Accommodative Esotropia Clinical Presentation
- Author: Chris Noyes, MD, FAAFP; Chief Editor: Hampton Roy, Sr, MD more...
Parents of the patient may notice an inward or upward deviation of one eye relative to the other eye. The patient may see either a single blurred image or a double image in which one image is clear and one image is blurred. Family history of strabismus or related diseases is common. The age of onset of strabismus should be noted.
Carefully examine visual acuity in a manner appropriate for the patient's age. For patients younger than 1 year, visual acuity is measured by objective means. For patients aged 1-3 years, subjective methods, such as Allen cards, are used in addition to objective methods. For patients aged 3-5 years, subjective methods, such as Allen cards, tumbling Es, or the letter chart, can be used. For patients older than 5 years, the Snellen alphabet chart almost always can be used. The patient usually will have hyperopia in the range of +3.00 to +10.00 diopters.
Determine stereo acuity using polarized glasses and Titmus test or Randot stereogram.
Check extraocular movements to ensure that the eye movements are full.
Measure or estimate the angle of deviation. The easiest method is to evaluate the centration of the corneal light reflex in each eye, while the patient fixes on objects at distance or near. In some cases, it is possible to perform the alternate cover test. Ask the patient to fix on an object. By alternately covering and uncovering each eye, the examiner can detect a shift in the eye's position with refixation. In esotropia, as an eye is uncovered, it turns out to fixate. In true accommodative esotropia, the angle of deviation is the same when measured at distance and near fixation and usually is 20-40 prism diopters.
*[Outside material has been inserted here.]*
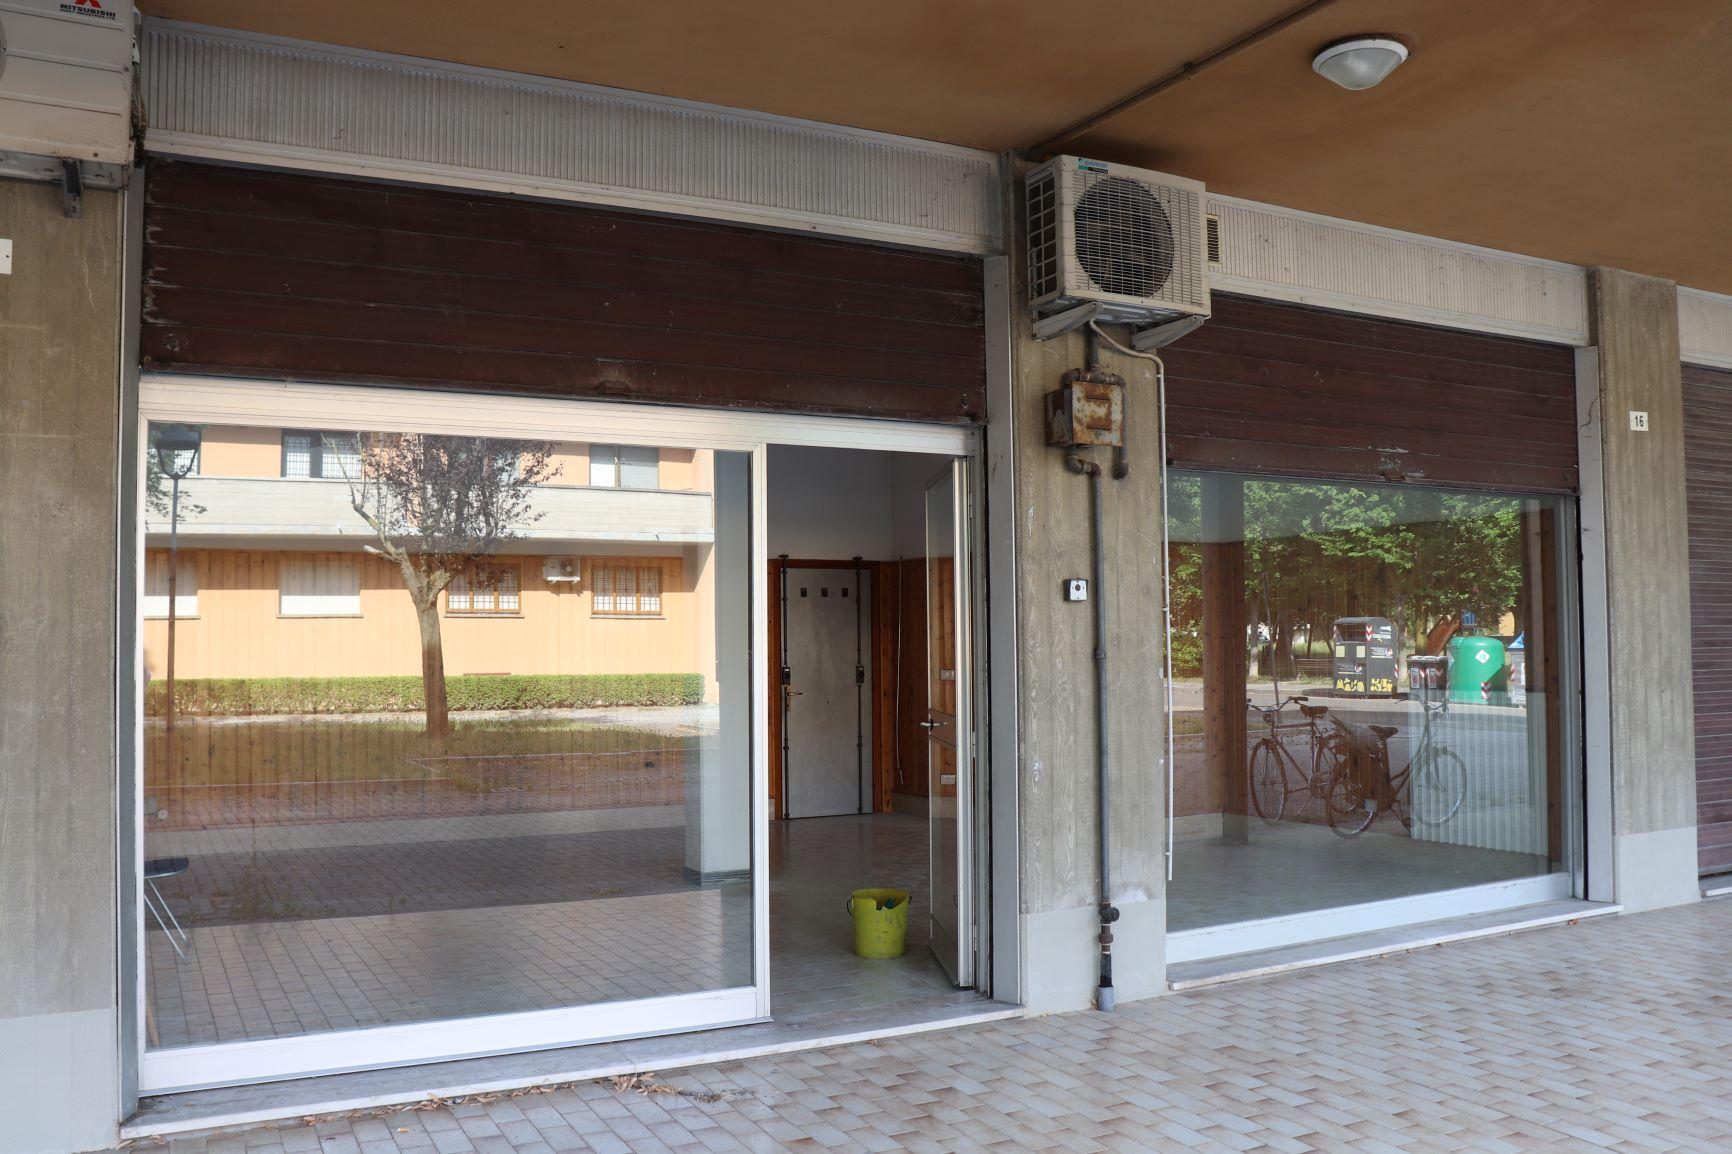 Ufficio/negozio in vendita a Budrio

Measure AC/A. If this ratio is high, then the deviation measured at near will be significantly greater than that at distance. In pure accommodative esotropia, the AC/A ratio should be normal; distance and near measurements should be the same.
Perform a complete eye examination. Examine the anterior segment to assess the cornea, anterior chamber, and lens. Examine the fundus with both direct and indirect ophthalmoscopes. Note the appearance of the macula and the optic nerve.
Perform cycloplegic refraction on all children by using the retinoscope and loose lenses. Cycloplegia is achieved with Mydriacyl 1% if the patient is younger than 1 year; it is achieved with Cyclogyl 1% if the patient is 1 year or older.